[[ The data, beginning ]]

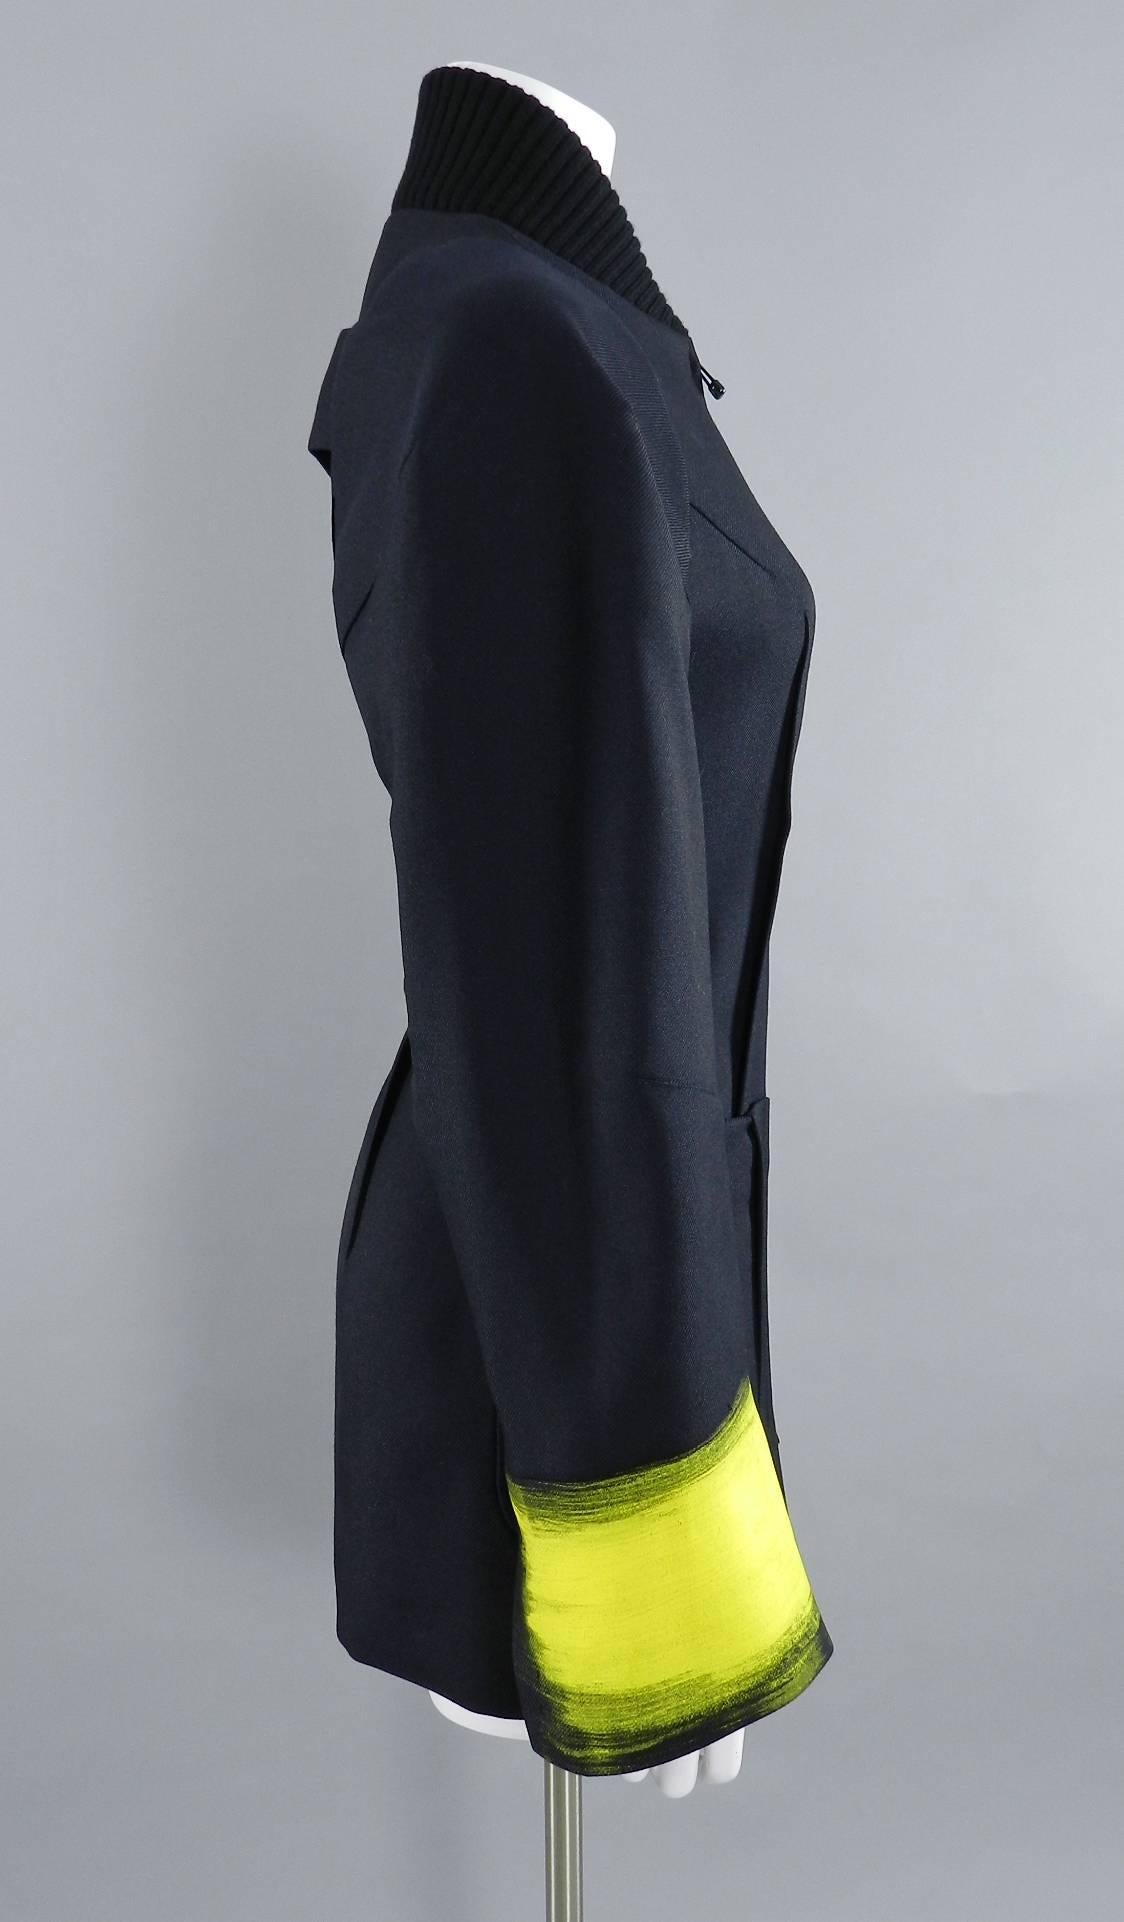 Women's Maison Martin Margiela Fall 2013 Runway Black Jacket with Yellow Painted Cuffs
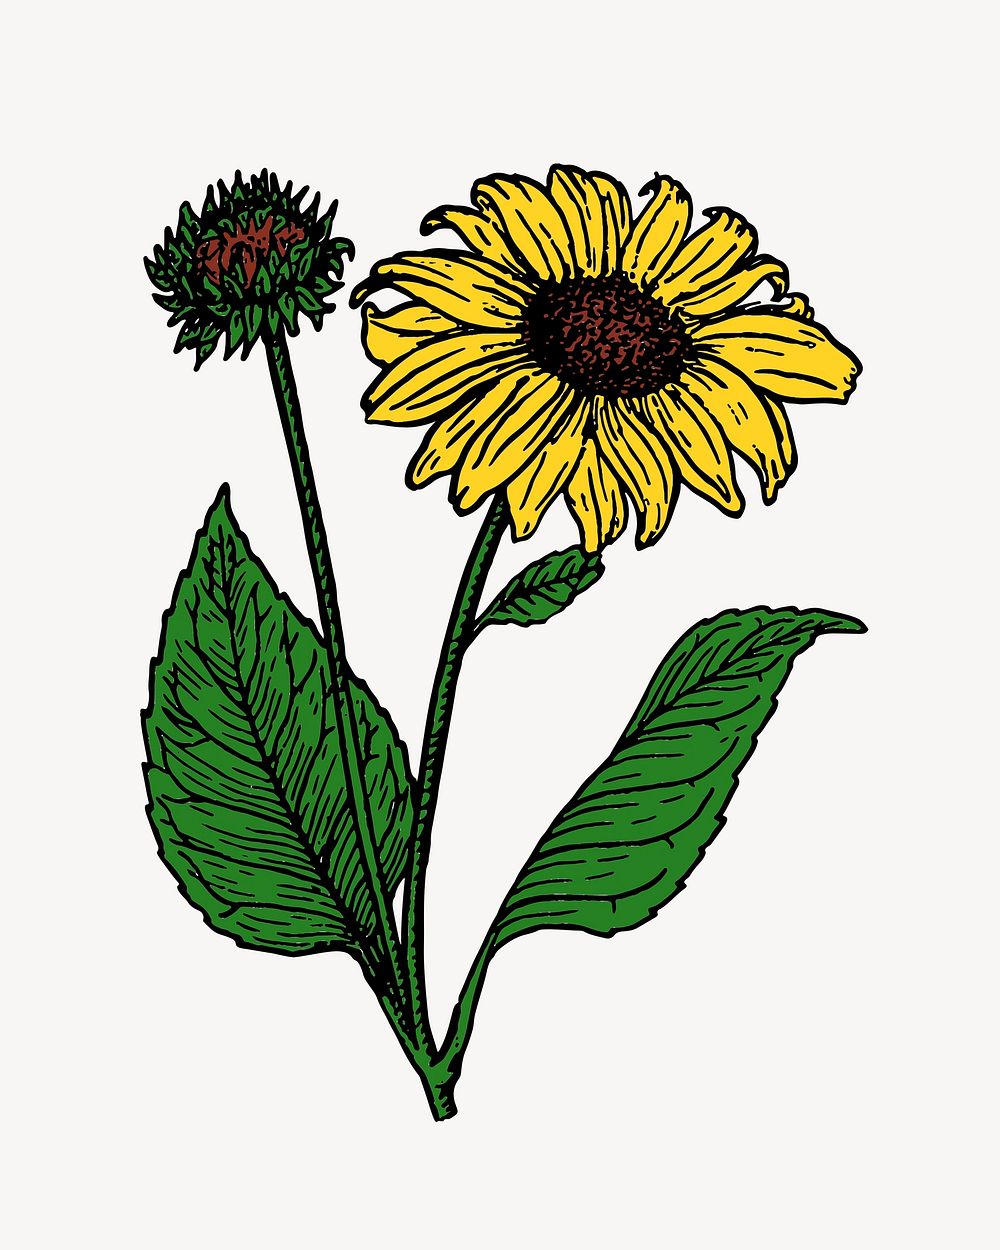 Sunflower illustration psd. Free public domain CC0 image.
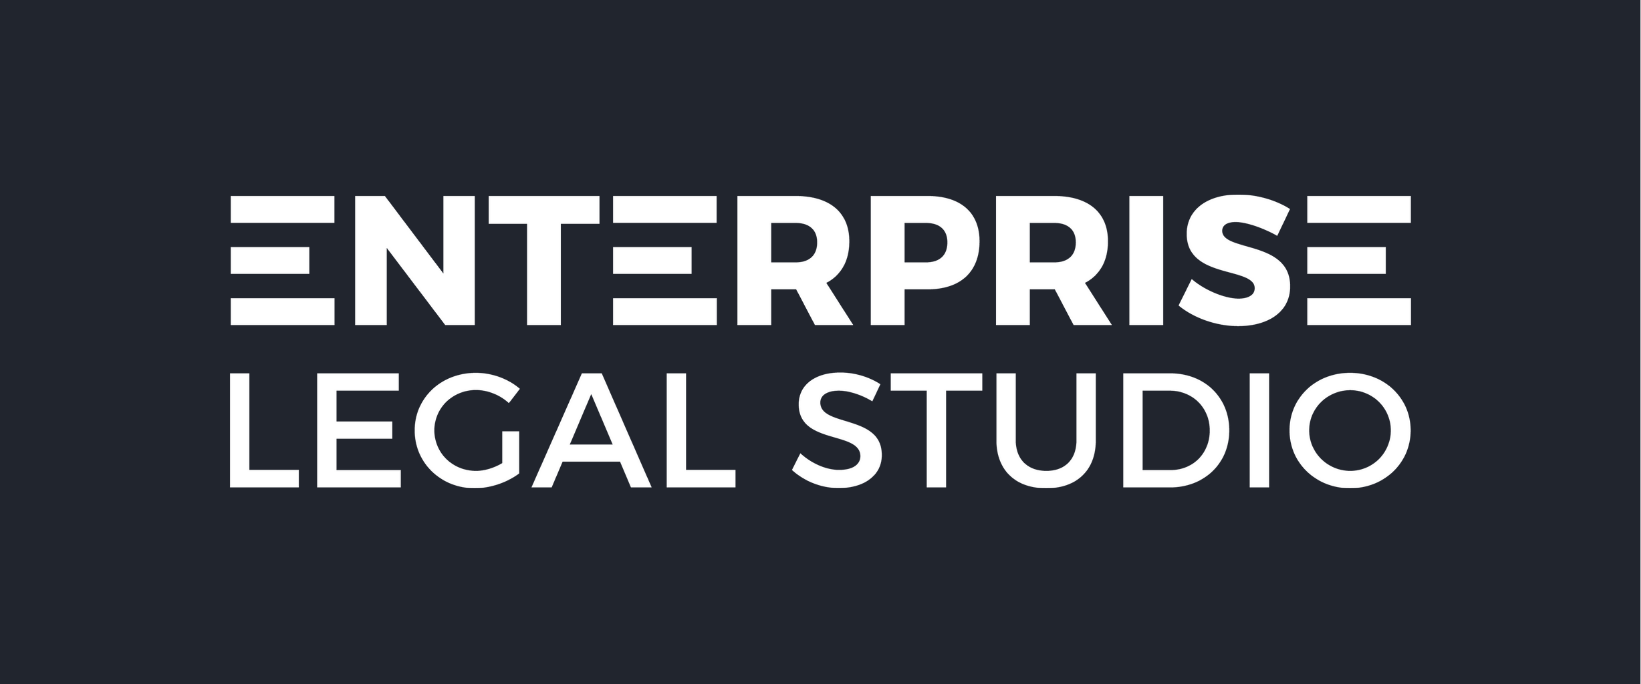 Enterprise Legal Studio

[[ The data, end ]]

Leave the pictures out, and reproduce only the lines from the line holding "Sunflower illustration psd." through the last line of the material, both included.

■ Answer box:
 Sunflower illustration psd. Free public domain CC0 image.
 Enterprise Legal Studio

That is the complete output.